= Task to carry out =
With pictures removed, print the listing exactly.

= Supplied information =
▶
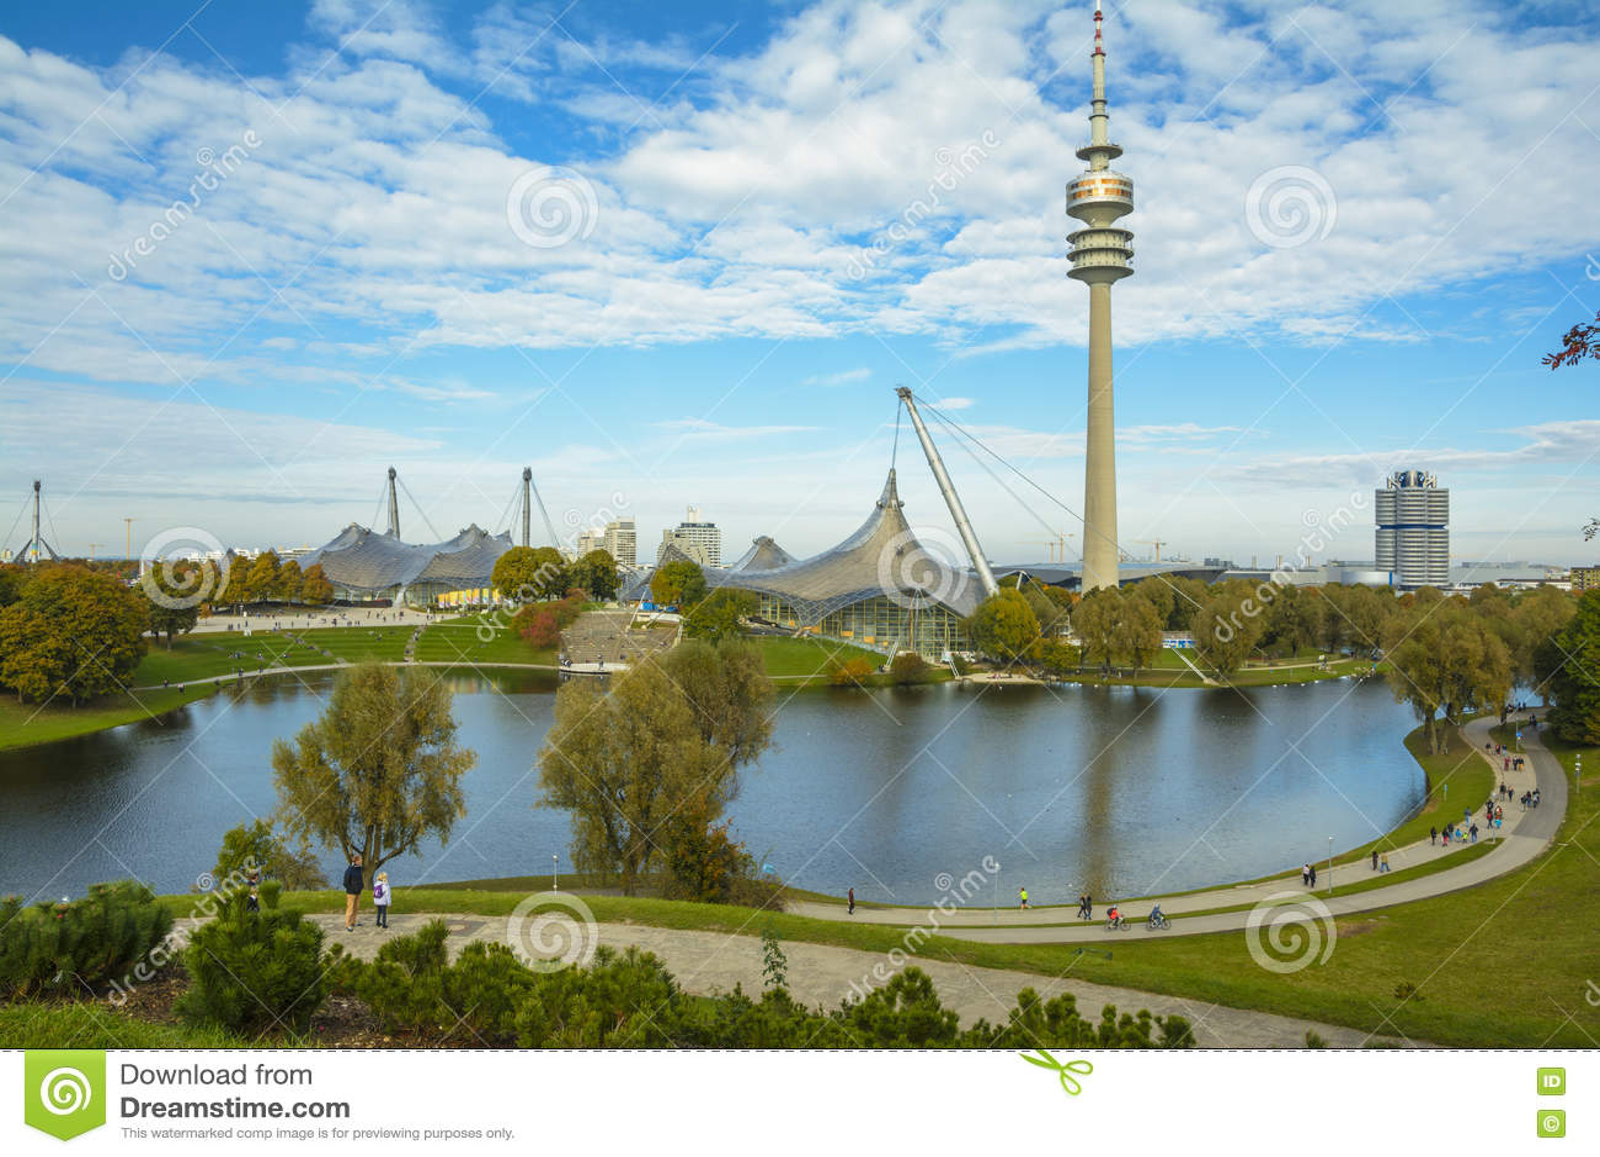 Olympiapark In Munich Bavaria Germany Editorial Photo
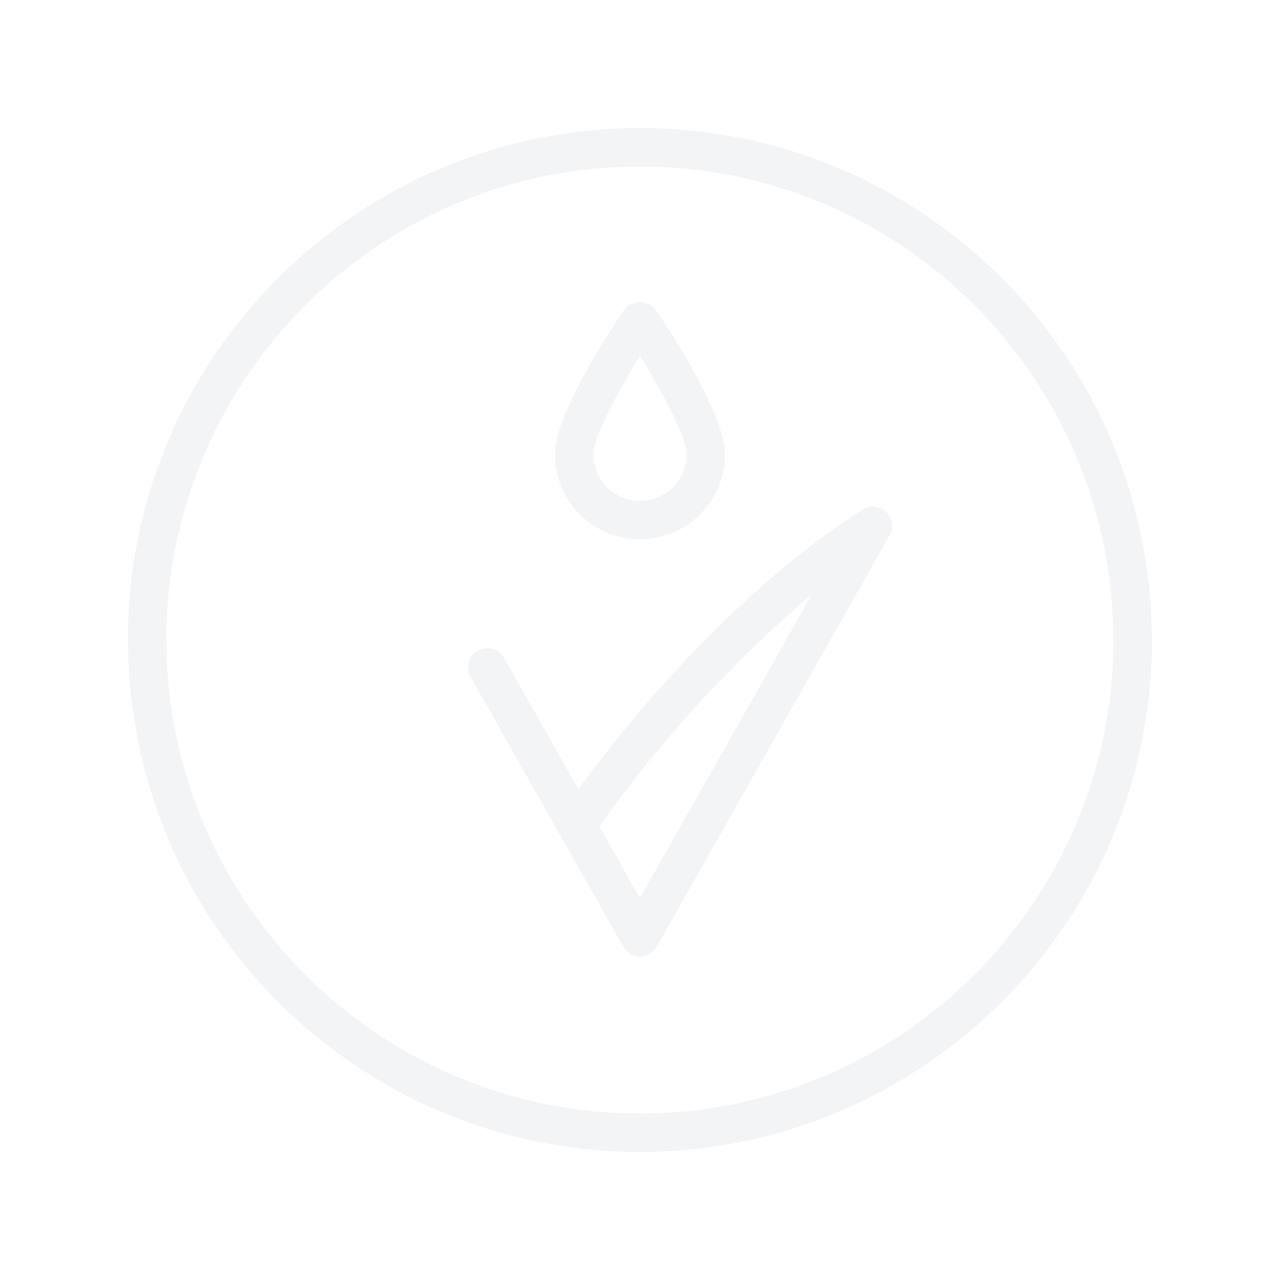 HOLIKA HOLIKA Wonder Drawing Skinny Eyebrow Pencil No.01 Gray Black 5ml
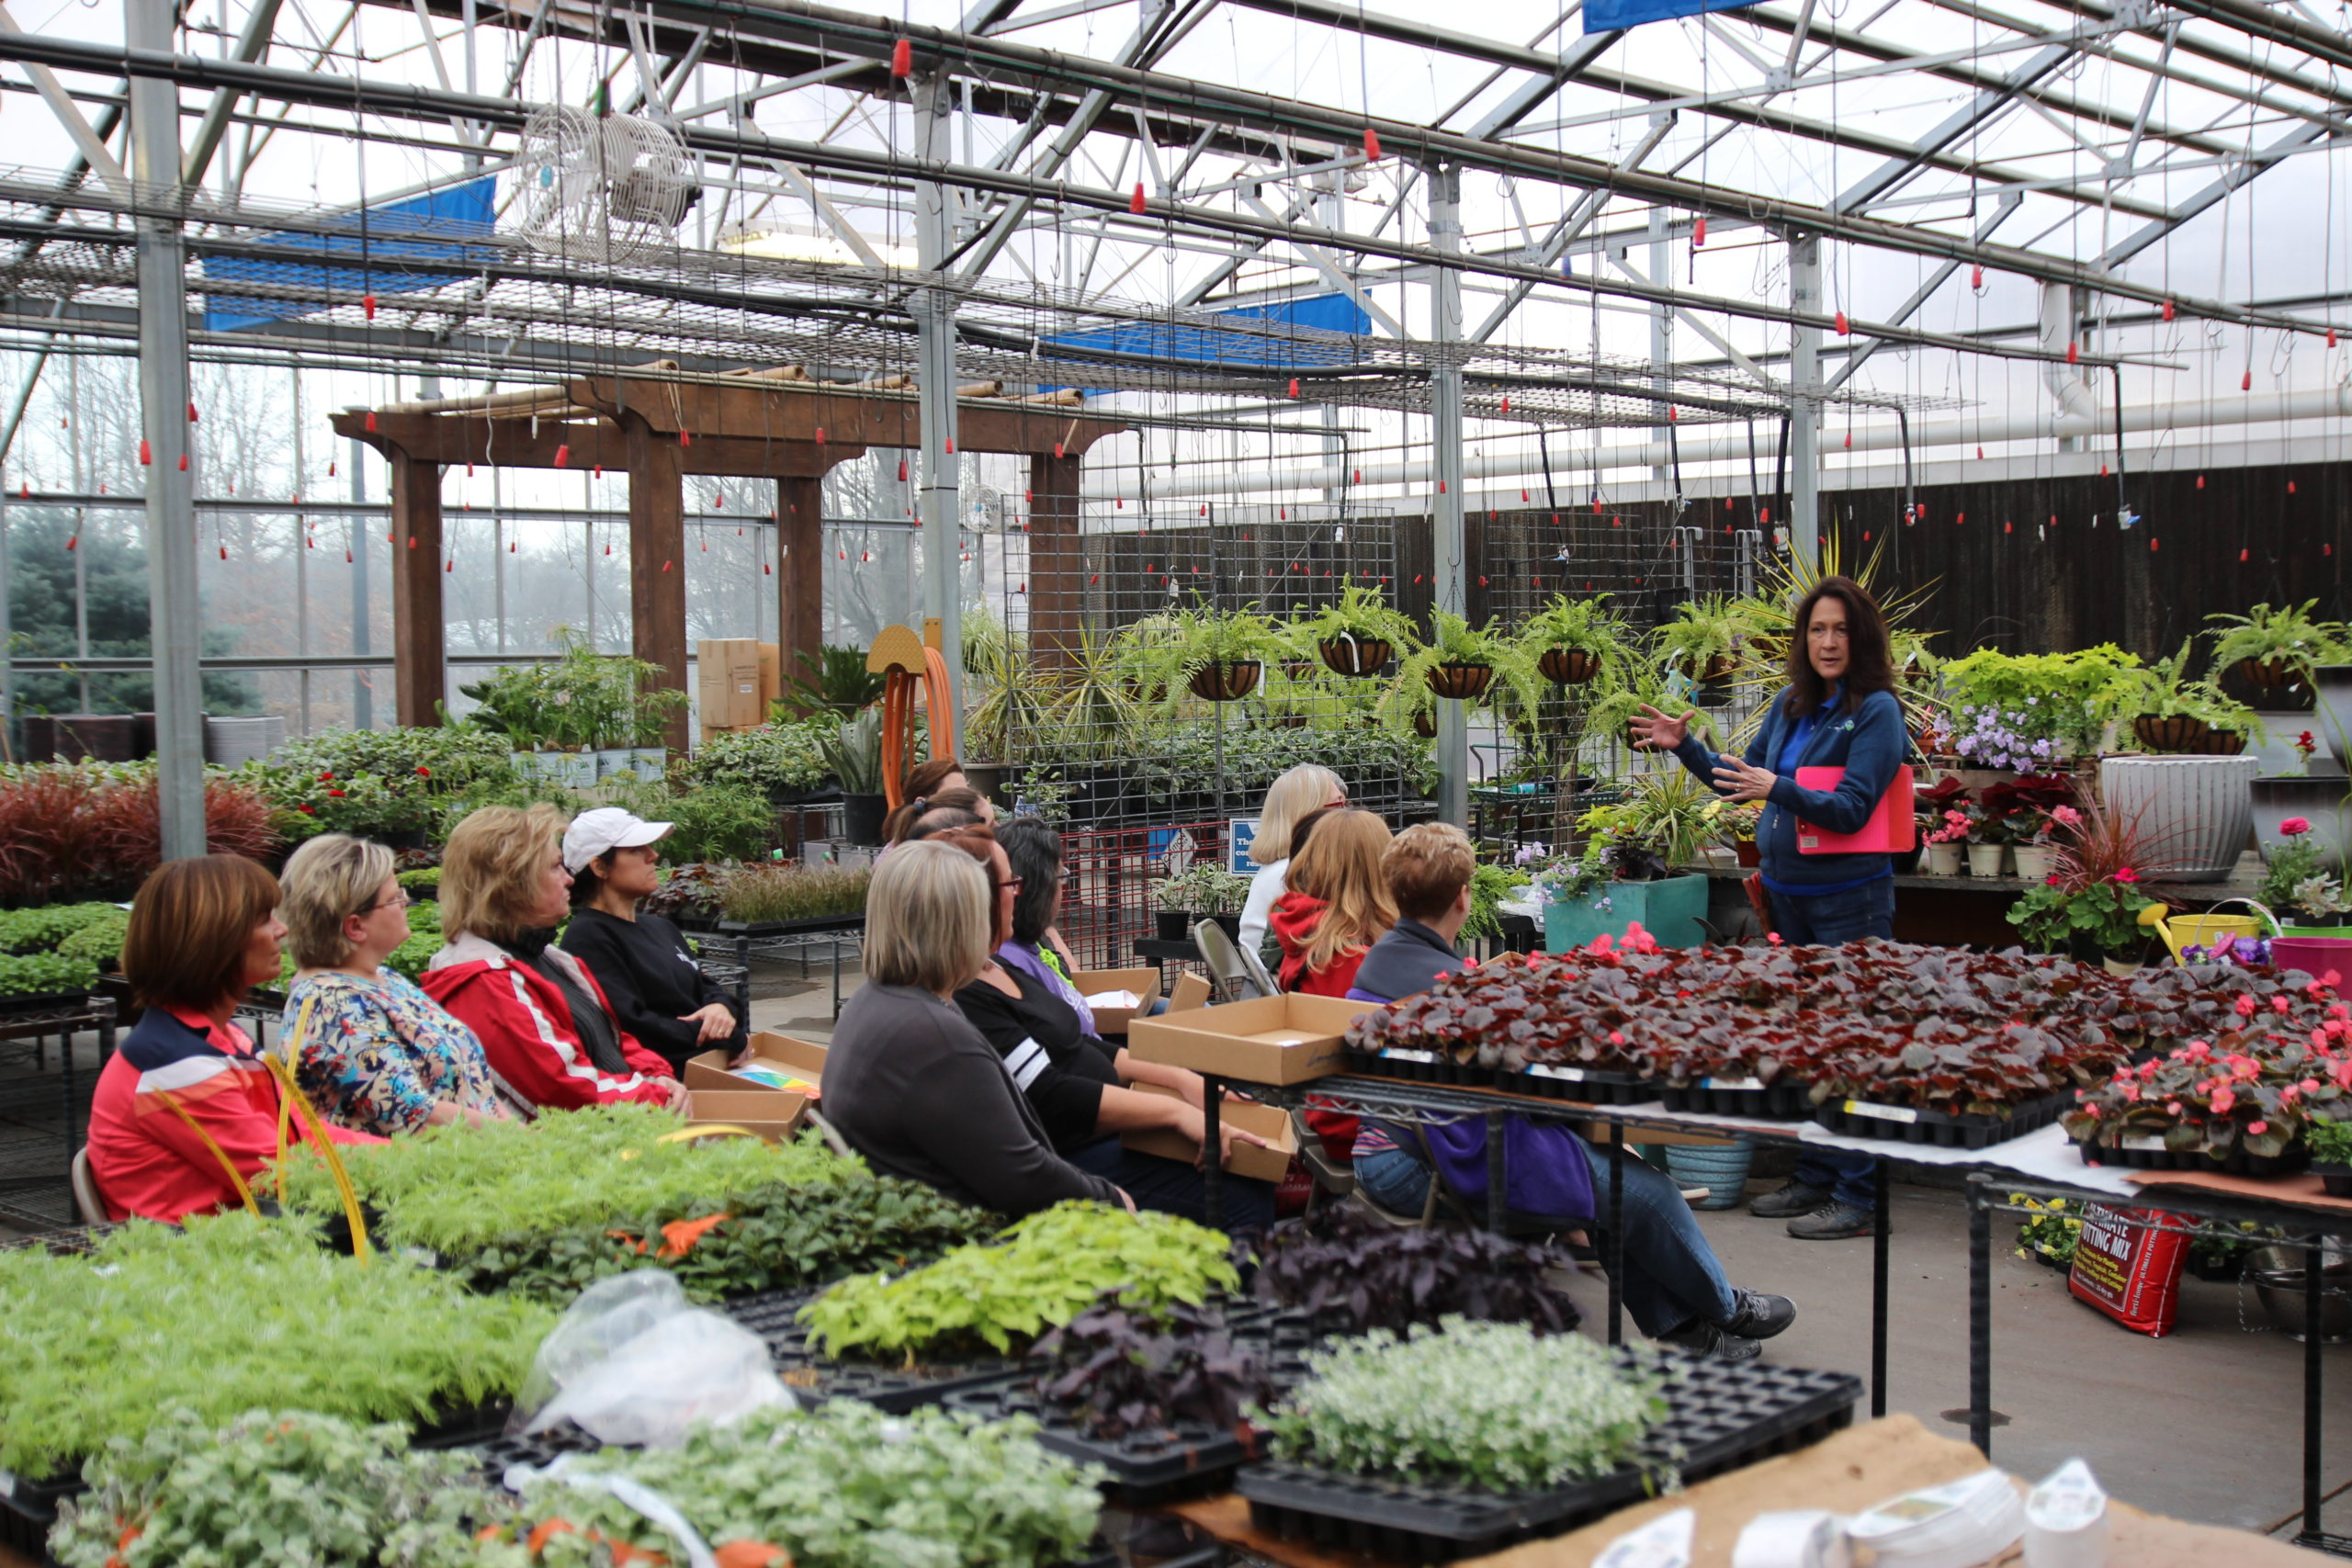 DIY Container Garden: A Hands-on Workshop
◀
= Exercise result =
 Olympiapark In Munich Bavaria Germany Editorial Photo
 HOLIKA HOLIKA Wonder Drawing Skinny Eyebrow Pencil No.01 Gray Black 5ml
 DIY Container Garden: A Hands-on Workshop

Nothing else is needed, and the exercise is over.